━━ Provided data ━━

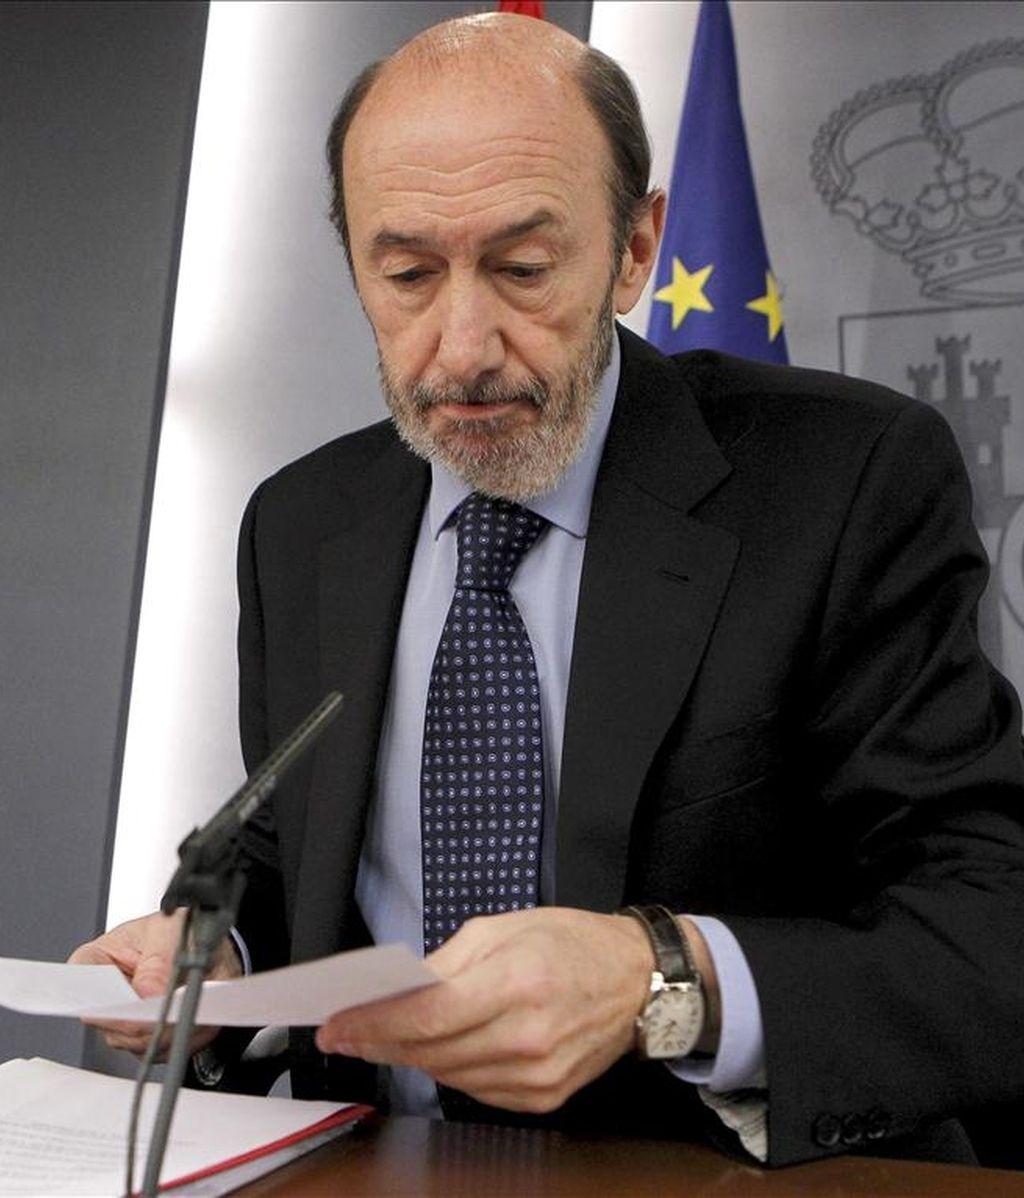 El vicepresidente primero del Gobierno, Alfredo Pérez Rubalcaba, durante la rueda de prensa que ofreció al término de la reunión del Consejo de Ministros hoy en el palacio de la Moncloa. EFE
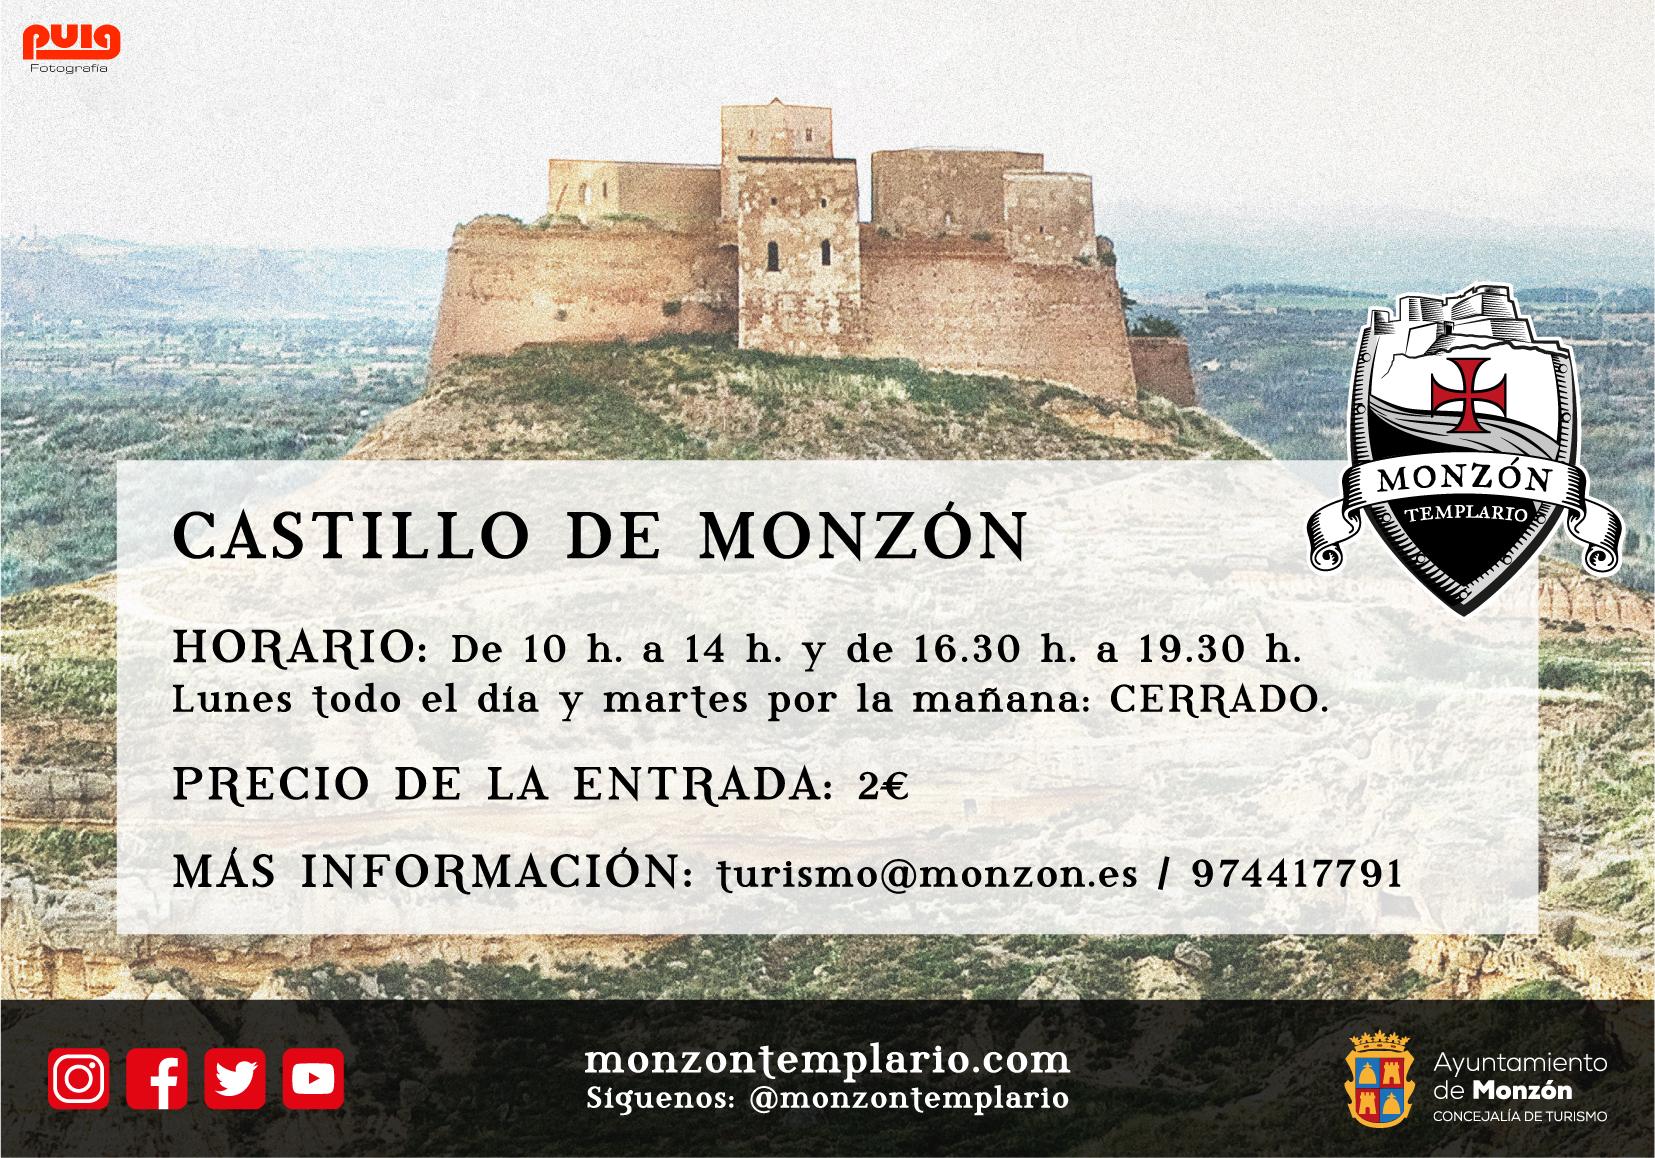 Castillo de Monzón
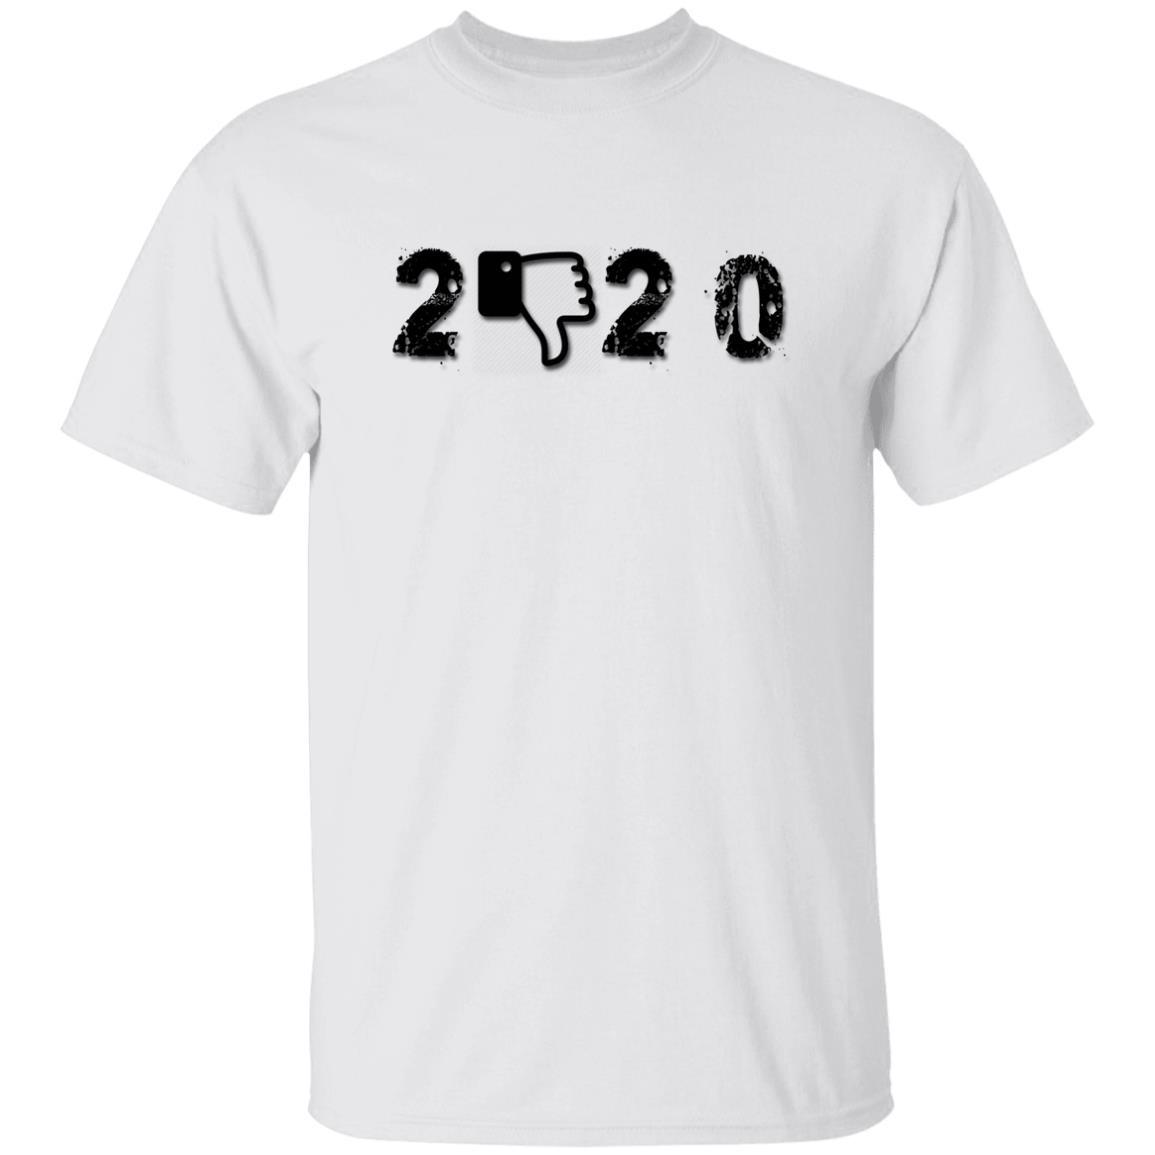 2020 Thump Down Unisex T-Shirt

━━━

### What the exercise asks
Reproduce the material above in full and without alteration, but skip all pictures.

### Reply to the exercise
 El vicepresidente primero del Gobierno, Alfredo Pérez Rubalcaba, durante la rueda de prensa que ofreció al término de la reunión del Consejo de Ministros hoy en el palacio de la Moncloa. EFE
 Castillo de Monzón
 2020 Thump Down Unisex T-Shirt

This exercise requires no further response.